On a project, we once discovered that a small percentage of missing rows represented a larger fraction of revenue than average—much larger actually. We suddenly revisited our decision to drop those rows. Dropping them seemed the right decision—they were just bad IDs weren't they? Well, it is never that simple. There are few accidents in data. That experience produced a lesson:
Always include a revenue assessment in your decisions even when revenue is neither your input nor your target.
In this recipe we will learn a simple trick for assessing these variables at times when there is the potential for data loss.
Getting ready
We will start with a blank stream, and will be using the retail Transactions
file and the Products_Missing
file.
How to do it...
To evaluate potential missing data when integrating data:
- Build a stream with both of the Source nodes, two Type nodes, and a Merge node.
- Perform an anti-join and make a note of the record count.
- Run a Statistics node and request: Count, Sum, Mean, and Median.
- Set Products_Missing to be the first input, and run the Merge node making a note of the record count. Since there is only one record we will not run a Stats node.
- Reverse the inputs and repeat the merge, again making note of the record count.

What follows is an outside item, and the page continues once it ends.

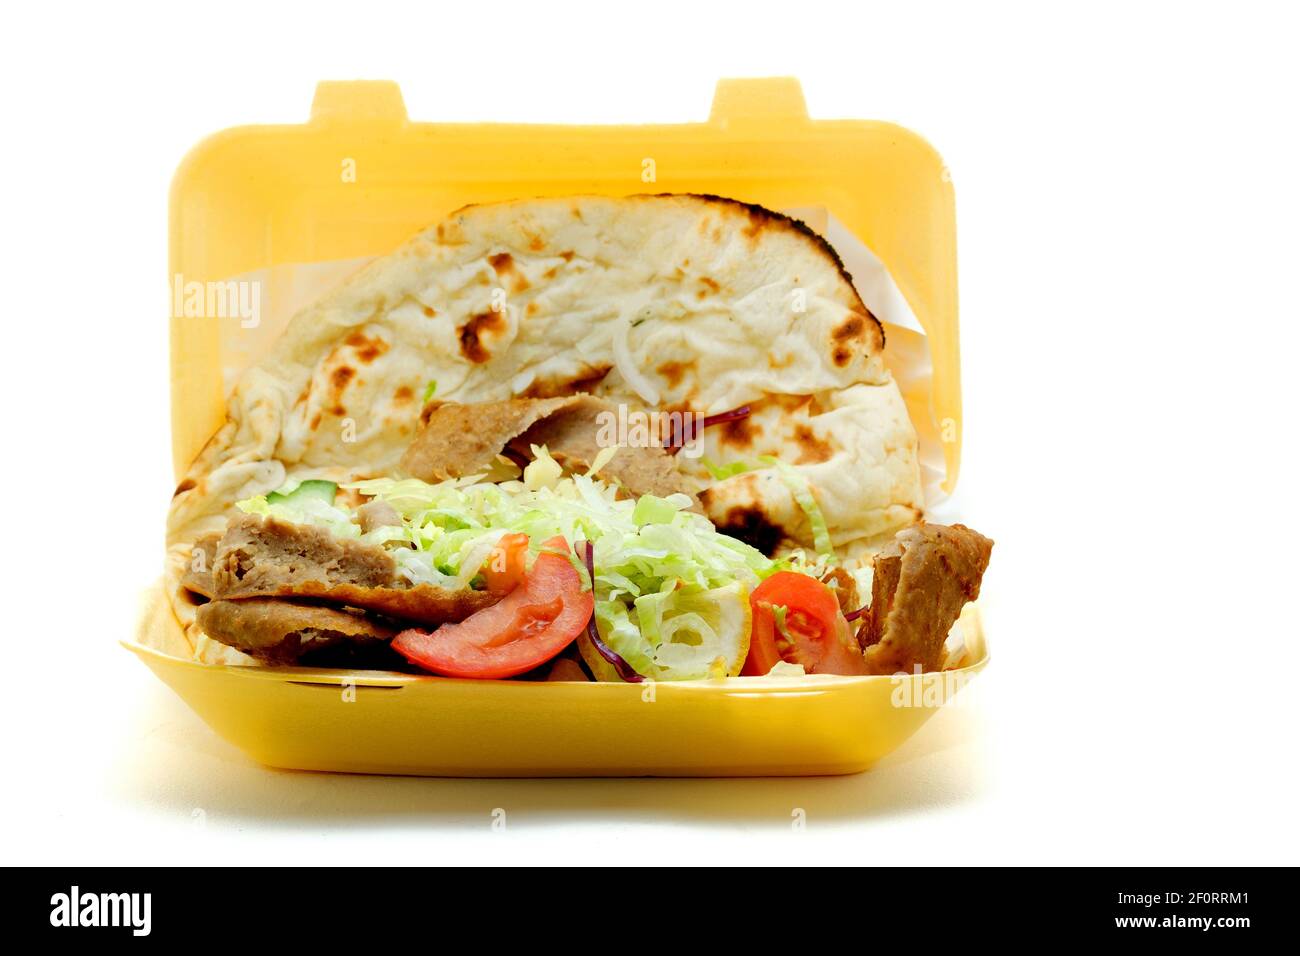 Un Doner Kebab para llevar, o kebab donador, servido con ensalada y envuelto en un pan Nan. El kebab se ha vendido en un contenedor de poliestireno desechable. Foto de stock

- Re-run the Statistics node.
How it works...
Years ago on a project we discovered that 5 percent of the data—data that happened to be missing—represented more than 20 percent of the revenue. We expect, or perhaps more likely, we hope, that missing data will not derail us, but sometimes it certainly threatens the whole project. This recipe is about choosing your battles, identifying when missing data is a particularly serious problem and when we can move on to other aspects of the project.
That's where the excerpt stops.